#### SUPPLIED MATERIAL ####

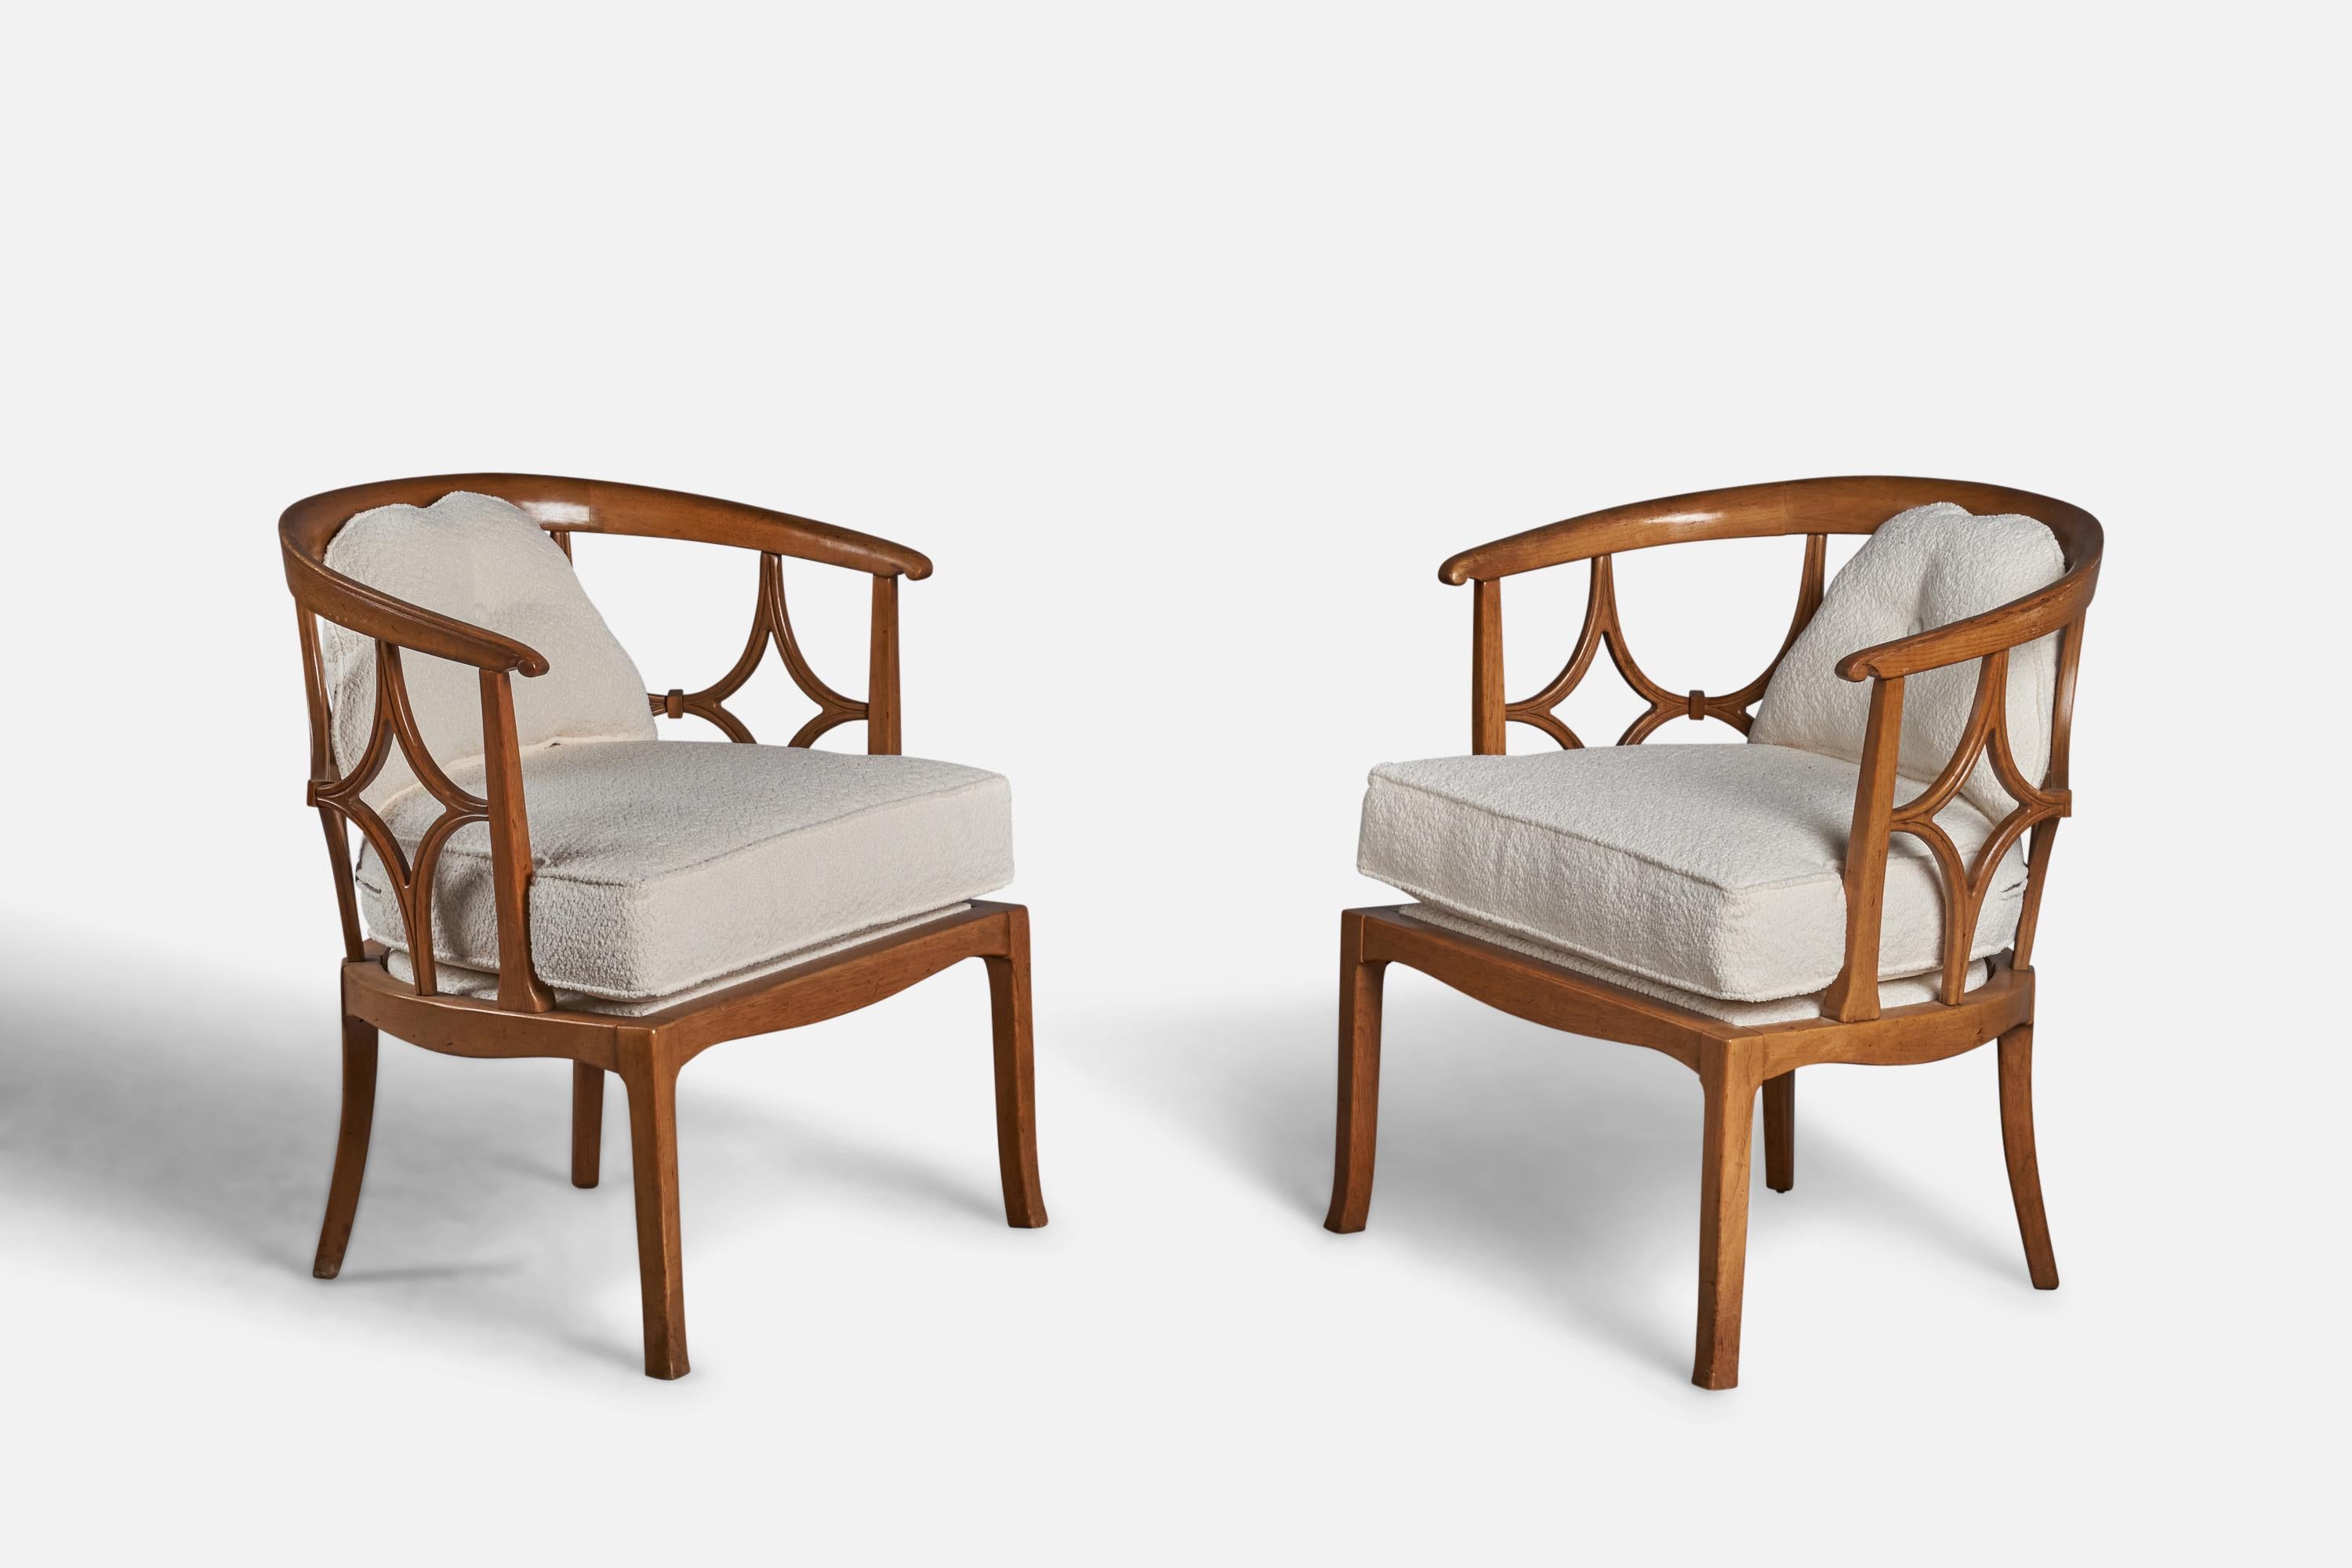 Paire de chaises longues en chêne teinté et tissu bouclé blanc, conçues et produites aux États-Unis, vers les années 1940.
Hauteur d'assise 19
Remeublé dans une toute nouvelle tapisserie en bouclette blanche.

####
#### SUPPLIED MATERIAL ####

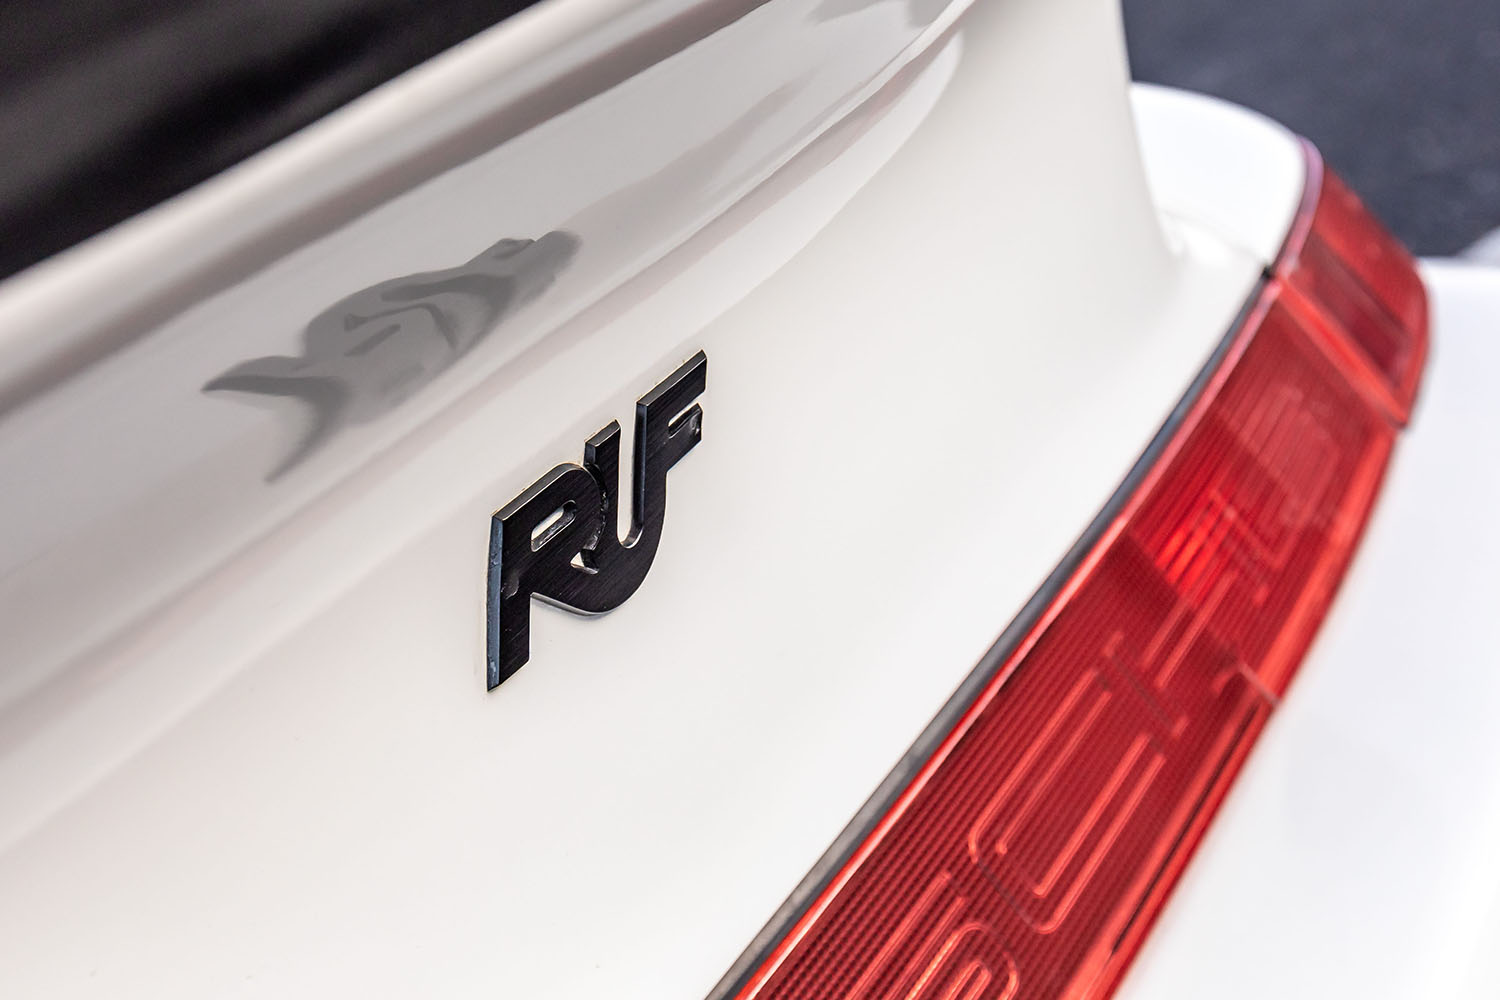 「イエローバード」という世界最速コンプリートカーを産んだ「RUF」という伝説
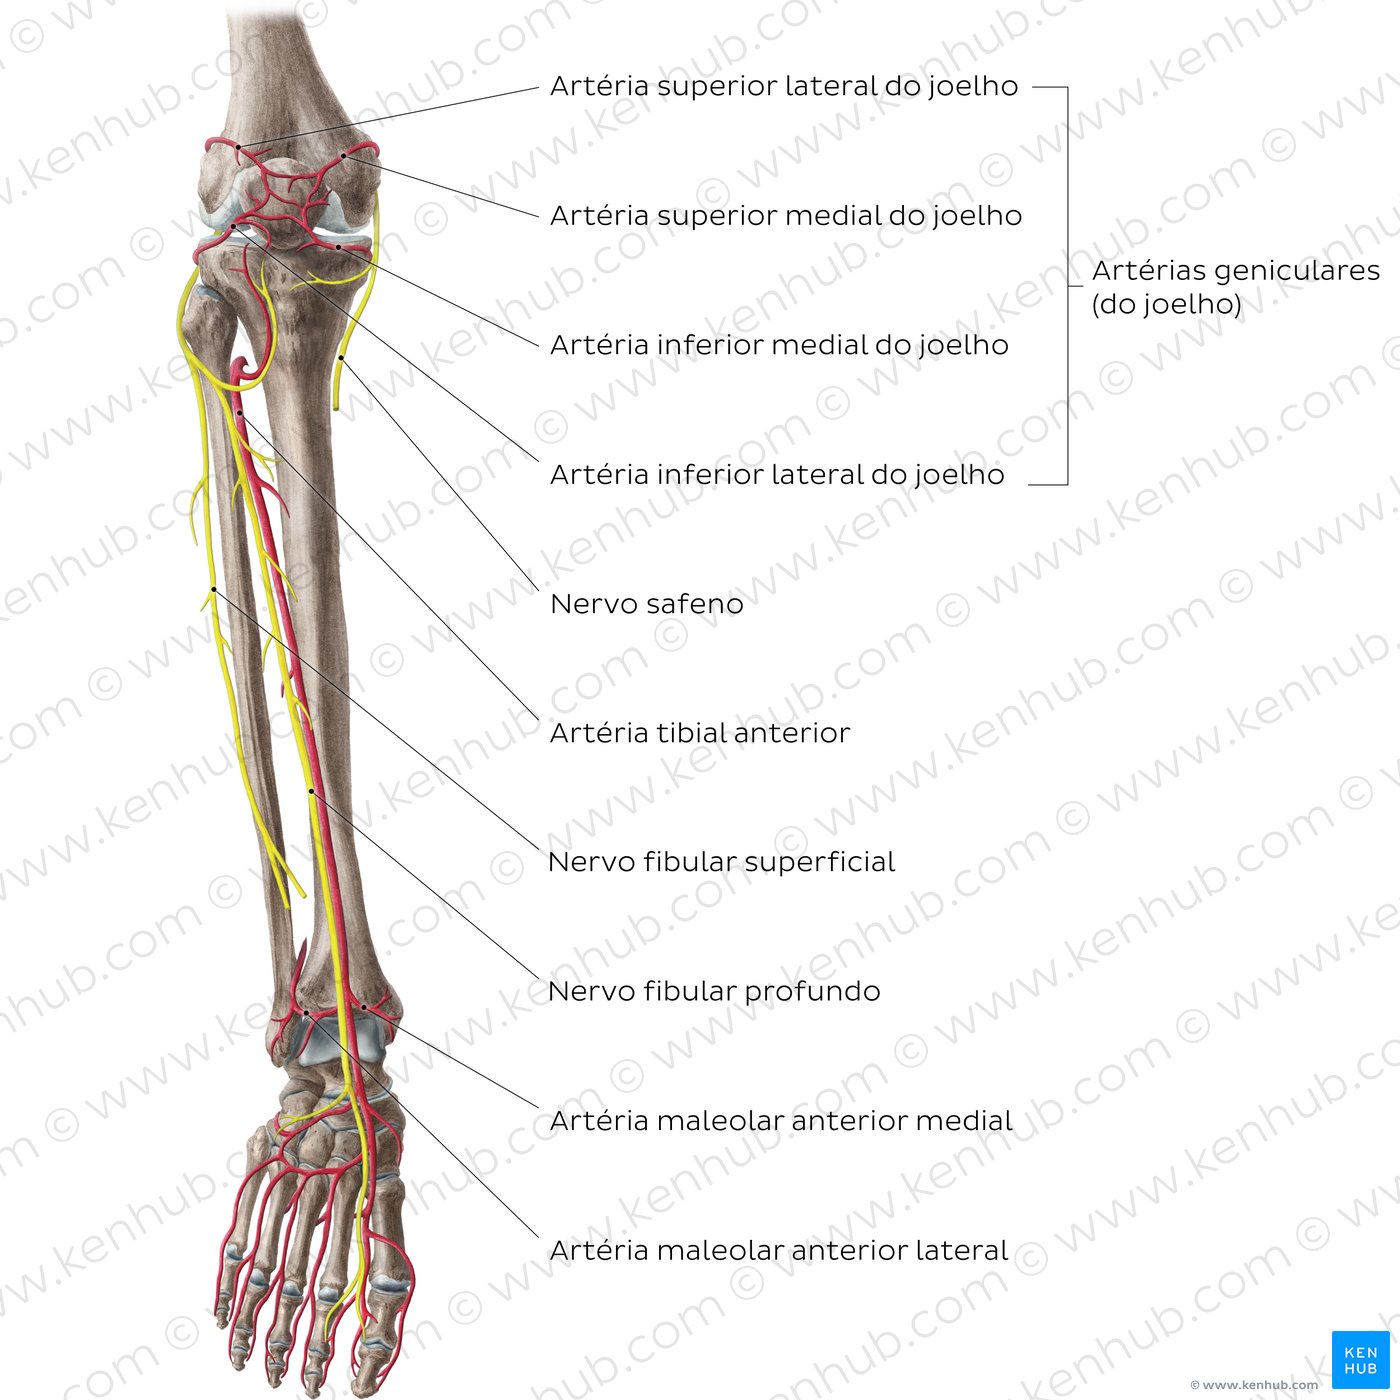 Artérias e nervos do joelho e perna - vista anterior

####

→ **YOUR TASK**
The answer is the lines above from the one with "Paire de chaises" to the one with "Remeublé dans une", set down exactly, with no pictures.

→ **YOUR SOLUTION**
 Paire de chaises longues en chêne teinté et tissu bouclé blanc, conçues et produites aux États-Unis, vers les années 1940.
Hauteur d'assise 19
Remeublé dans une toute nouvelle tapisserie en bouclette blanche.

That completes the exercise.